Refined quantum gates for $\Lambda$-type atom-photon hybrid systems

TL;DR

This paper introduces refined protocols for implementing high-efficiency quantum logic gates on hybrid atom-photon systems using reflection geometry, enabling scalable multi-qubit operations with minimal resources.

Contribution

The paper presents novel protocols for controlled-not, Fredkin, and Toffoli gates on hybrid systems, extending to multi-qubit gates with linear optical elements and no auxiliary particles.

Findings

Protocols achieve high efficiency with minimal resources.

Multi-qubit gates scale linearly with the number of qubits.

Single-qubit operations are simplified to photon-only manipulations.

Abstract

High-efficiency quantum information processing is equivalent to the fewest quantum resources and the simplest operations by means of logic qubit gates.
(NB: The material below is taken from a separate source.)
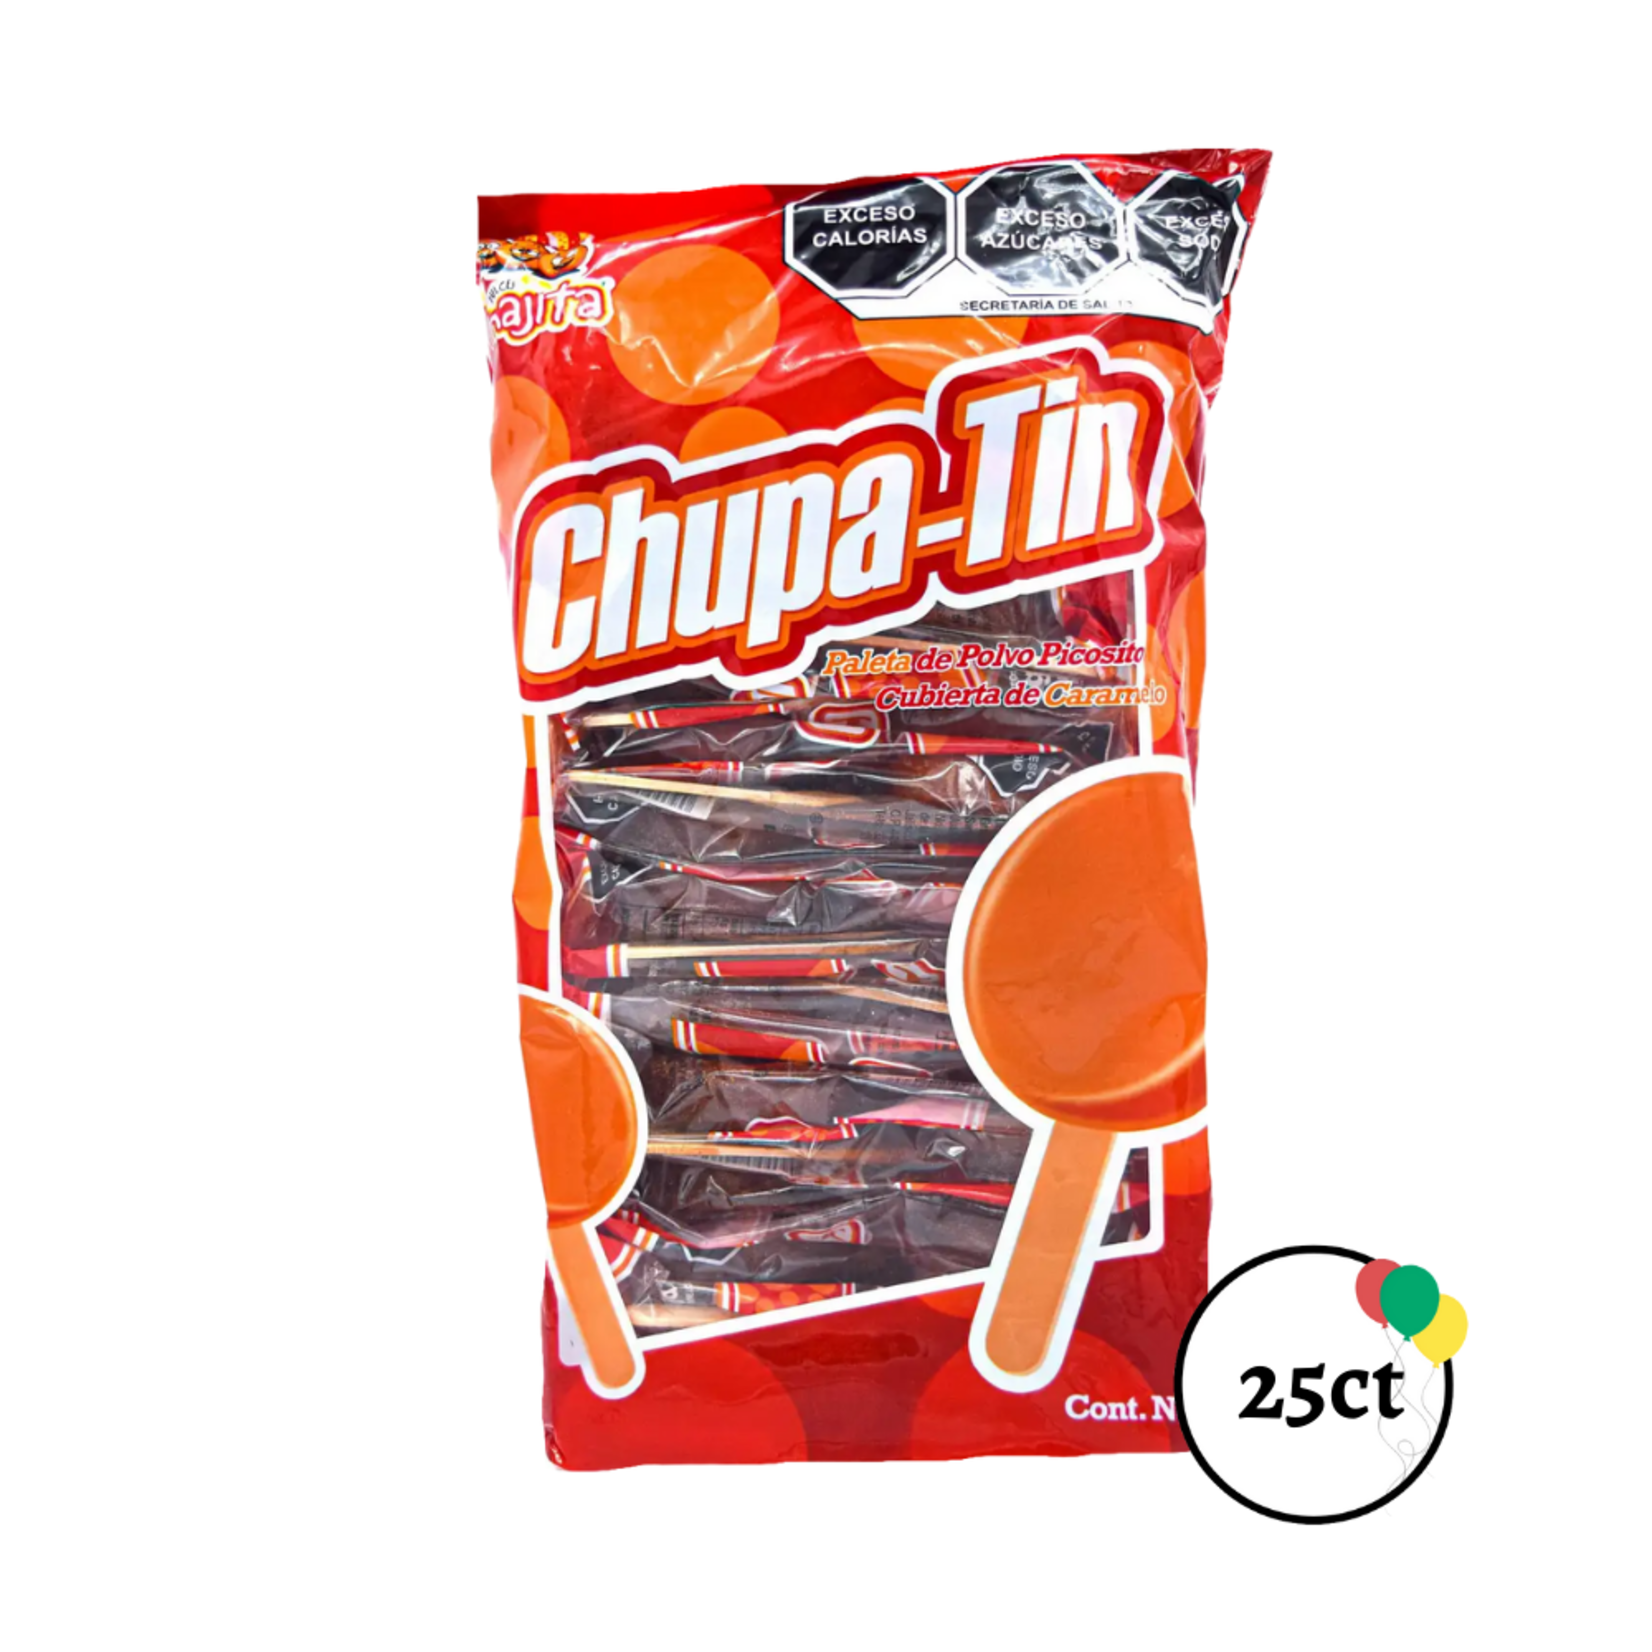 Tinajita Chupa-Tin Chile 25ct

Based on the reflection geometry of a single photon interacting with a three-level $\Lambda$-typle atom-cavity system, we present some refined protocols for realizing controlled-not (CNOT), Fredkin, and Toffoli gates on hybrid systems. The first control qubit of our gates is encoded on a flying photon, and the rest qubits are encoded on the atoms in optical cavity. Moreover, these quantum gates can be extended to the optimal synthesis of multi-qubit CNOT, Fredkin and Toffoli gates with O(n) optical elements without auxiliary photons or atoms. Further, the simplest single-qubit operations are applied to the photon only, which make these logic gates experimentally feasible with current technology.